The first partion is a dell utility partion hence i have /dev/sda4

----------

## mxc

ok got it working. I downloaded the 2004.3 livecd. I don't think that this really made the difference but thought I would let others know in case they cant get the same results with 2004.2 I also used kernel-gentoo-sources-2.6.9-rc3

I used genkernel to compile the kernel. Once it had finished and I had edited grub I edited the .config file for the kernel and changed the option for 

CONFIG_SCSI_ATA_PIIX=m to 

CONFIG_SCSI_ATA_PIIX=y

(note exact option label may be wrong but just search for ATA_PIIX)

I then recompiled the kernel replace the one generated by genkernel and now it is booting. What the exact option is that I was missing that causes it not to find the device when I do a manual kernel compilation is beyond me. There must be some other crucial option I am leaving out. I quess I am stuck with a kernel  with everything for now

thanks

----------

## ilyung

Hi MXC,

Few days ago, I got Dell SC420. And I tried to install Genoo on that.

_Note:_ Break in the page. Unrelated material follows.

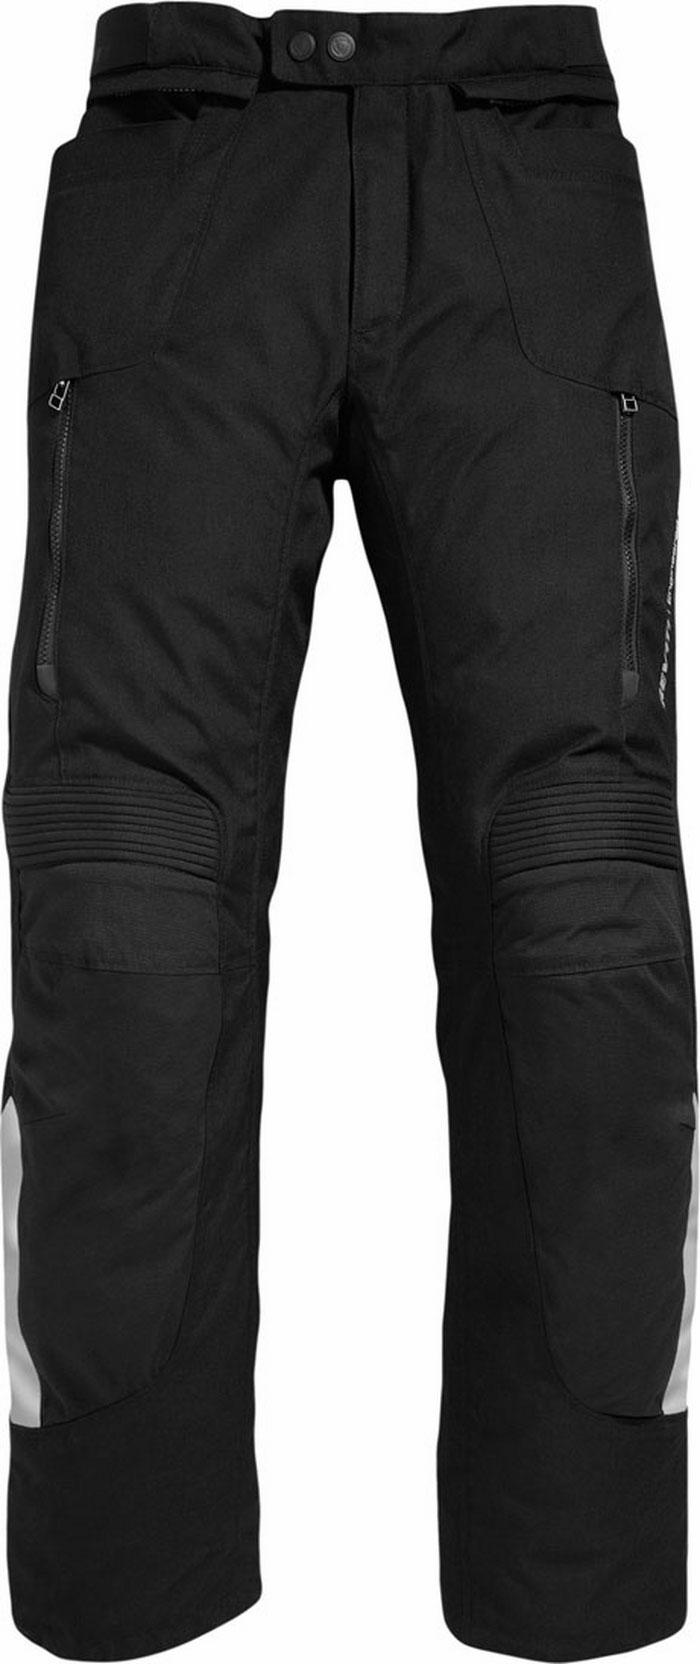 Pantaloni moto donna Rev'it Ventura neri

Unfortunately, I think I have the same probem as you did.

So, could you help me out?

I would appreciate it if you posted your stuff.

Thanks in advance,

----------

## mxc

Hi there,

I finally got it to work by using genkernel. I also had to change the sata option to be compiled into the kernel rather than as a module. I cant remember very well right now. I will have a look again tomorrow and let you know.

----------

## jabuqua

I'm also stuck on the same boat.  I took a look at the kernel config and the sata option is already changed to yes.  I also got rid of the dell partition so i only have three partitions to work with.  could you post a quick step by step so we can figure this out?

thanks

jabuqua

----------

## jabuqua

making progress...  :Very Happy: 

could you post your xorg config ...i got the framebuffer error.  i read a rumor that xorg only works with 800x600@16 on this chipset.

thanks

----------

## mxc

Hi there,

I never installed x on the machine as it is going to be a server. I will still try and get config file for kernel off of it once I get some time.

----------

## jabuqua

gnome up and running   :Very Happy:   xorg still needs some tweaking but at least its alive.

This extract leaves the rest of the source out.